The Critique: The problem with Ford’s new VW-based electric Explorer
New Explorer spells a new, less unique future for the Blue Oval
FORD’S PARTS BIN EV
There’s no crime in platform sharing, otherwise all car company CEOs would be behind bars. But the car world feels a poorer place when Ford, which has engineered Europe’s dynamic benchmarks with the Fiesta and Focus hatches, is buying in VW’s MEB electric architecture to underpin EVs like the new Explorer.

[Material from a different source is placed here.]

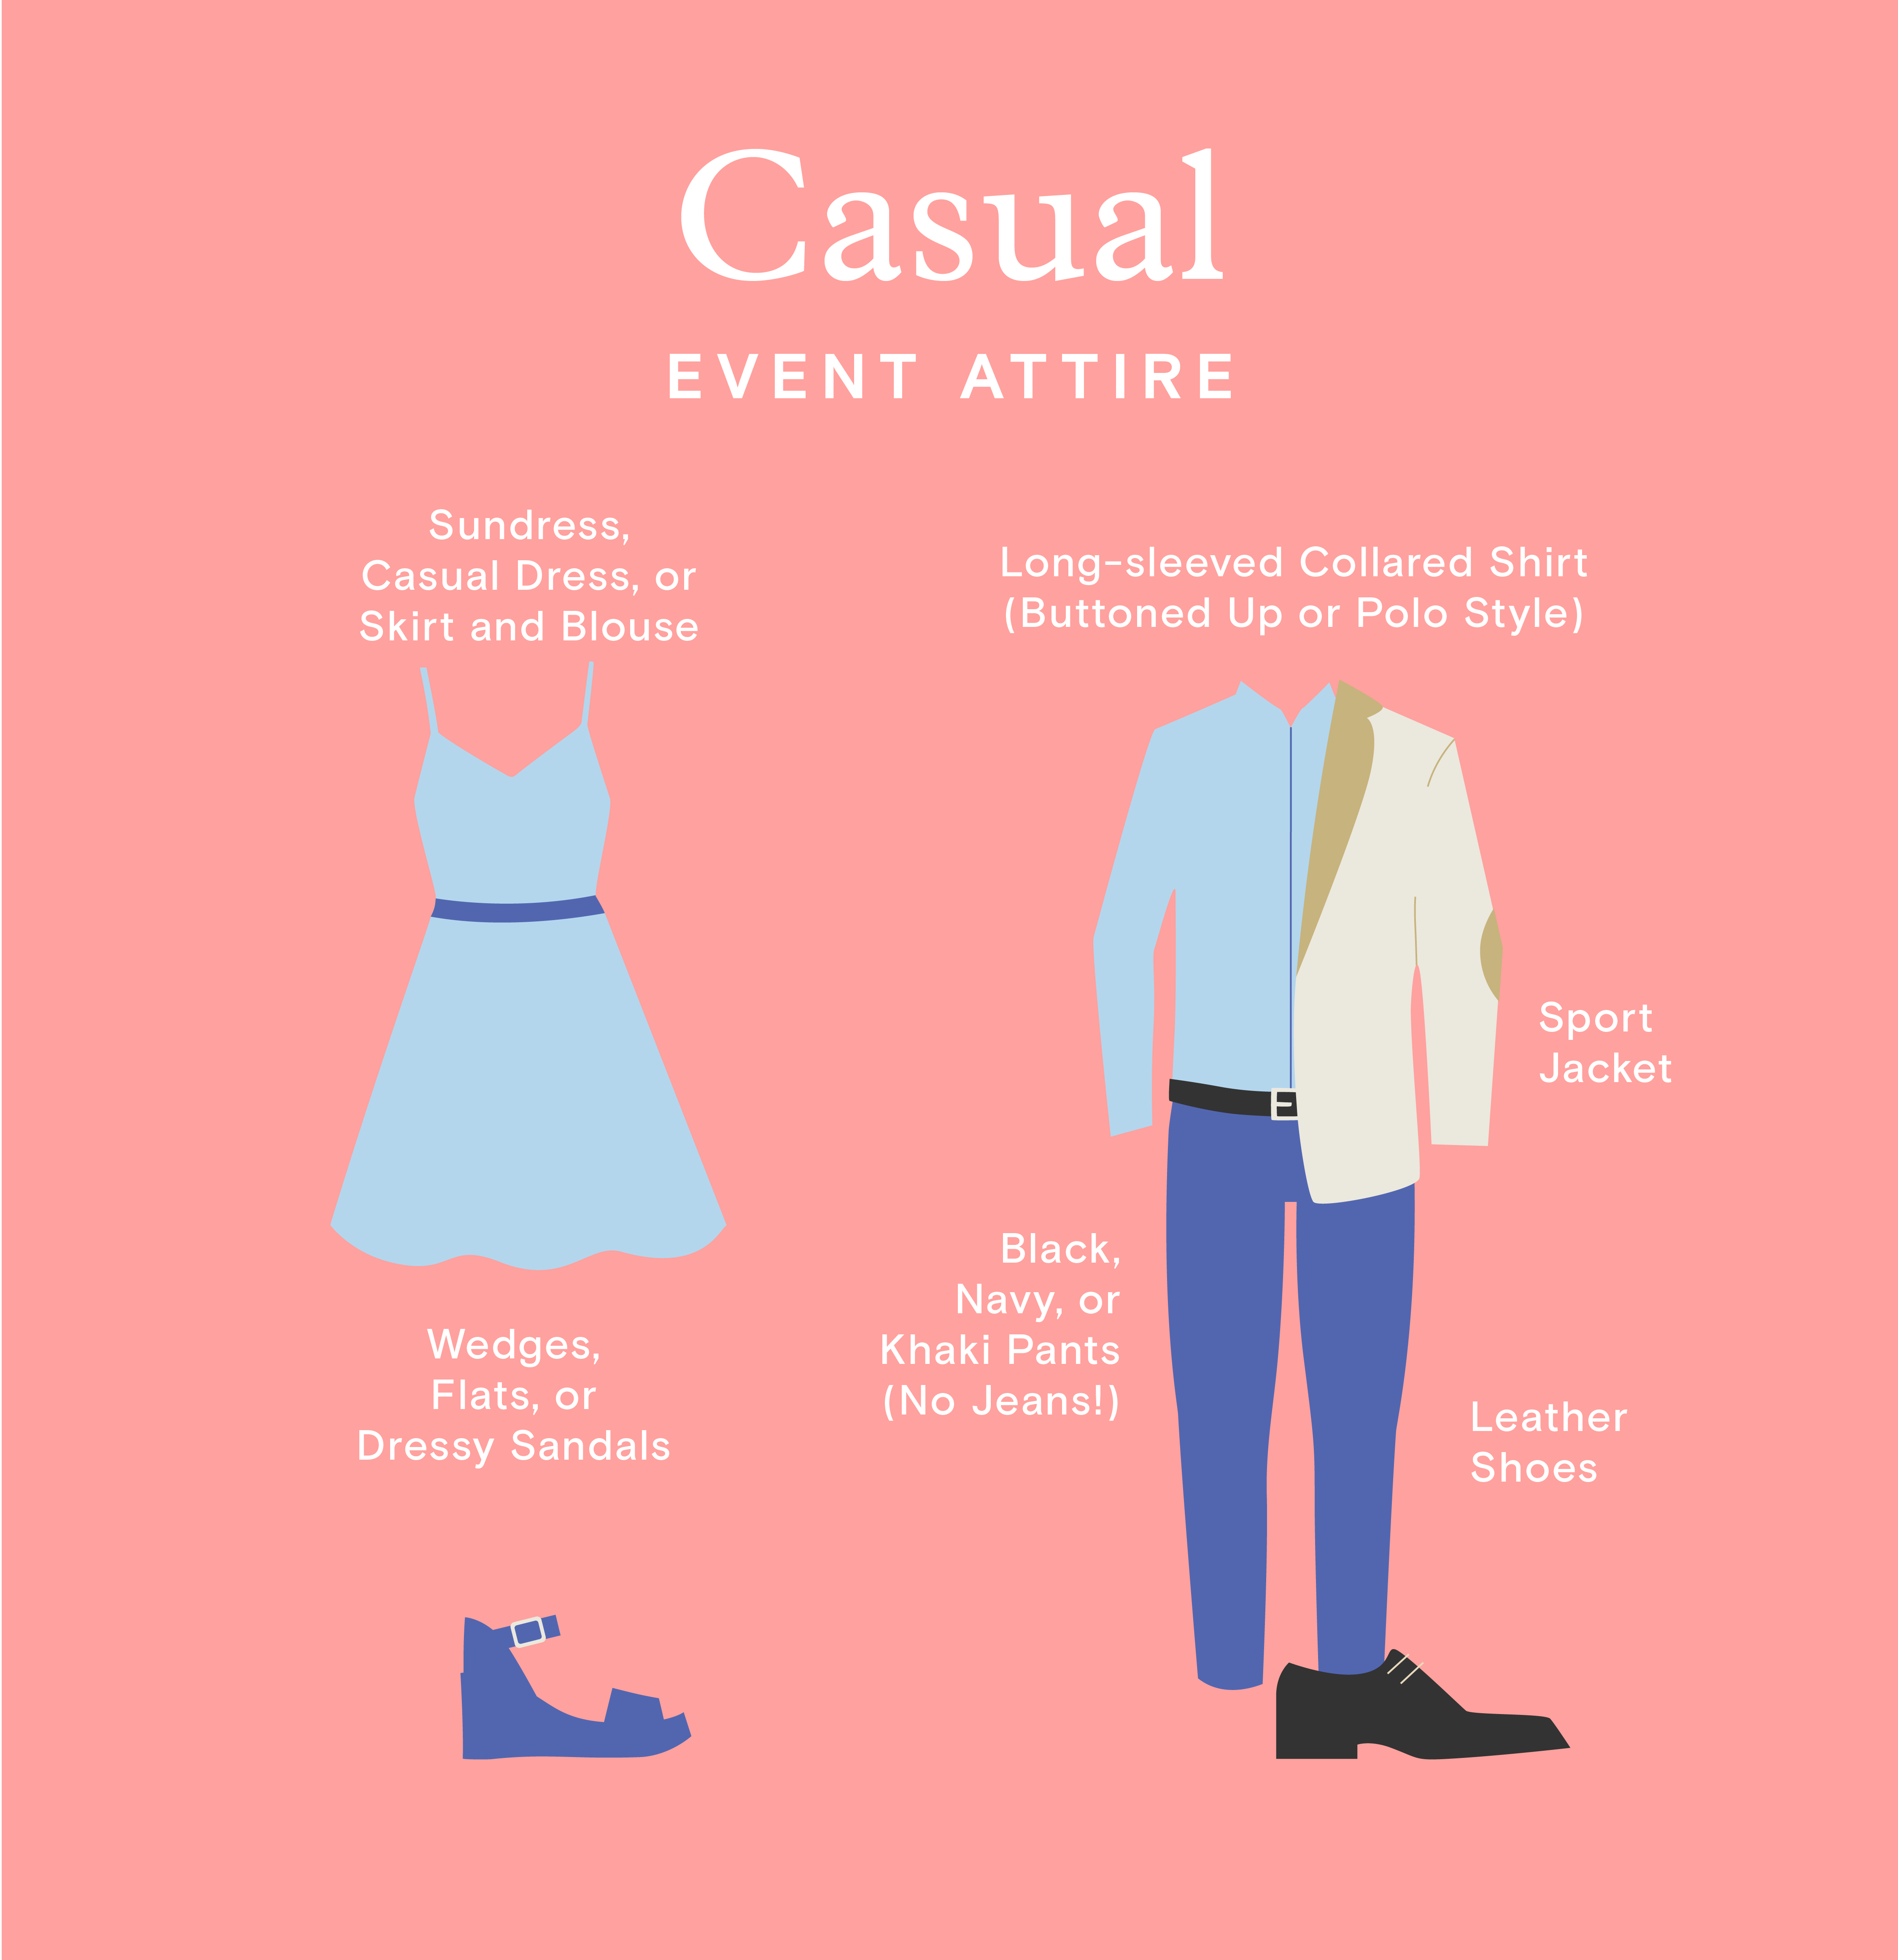 How to Dress for a Semiformal Event

‘The Fiesta and Focus are making way for a new Ford strategy in Europe,’ protests a Ford spokesman. ‘We’re not going to be the same company that people grew up with, going after volume and playing in every single segment. We’re going to double down on differentiated vehicles that get your pulse racing more.’ Differentiated is a loaded word when the wheelbase is the same as the ID. 4’s to house identical batteries, with either 55 or 82kWh capacity. And the small-battery Explorer has a 125kW (168bhp) motor driving the rears, like the base ID. 4.
‘Judge for yourself, but we don’t see any trace [of ID. 4],’ says Murat Güler, passenger car design chief. Interior quality and aesthetics take a massive step forward compared with recent Ford’s bleak and cheap cabins. There’s some ingenious stowage, with the Mach-E-inspired 15-inch vertical touchscreen swinging through 30˚to reveal a hidden cubby behind, and a modular centre console that can stow three big bottles. But the pulse hardly races when stowage is a car’s biggest USP. Can it still drive like a Ford? ‘The springs, dampers and anti-roll bar are all tuned to the Ford philosophy,’ says engineering manager Thomas Riehm. ‘There’s been a lot of adaptation: the steering and brakes are tailored to the Fordness people are used to.’ The car also gets bespoke Continental tyres. Time will tell if Ford can soup up MEB’s solid but hardly enthralling dynamics.
The situation that created the Explorer is understandable. But to this Essex boy and Ford fan, that doesn’t make it any less regrettable.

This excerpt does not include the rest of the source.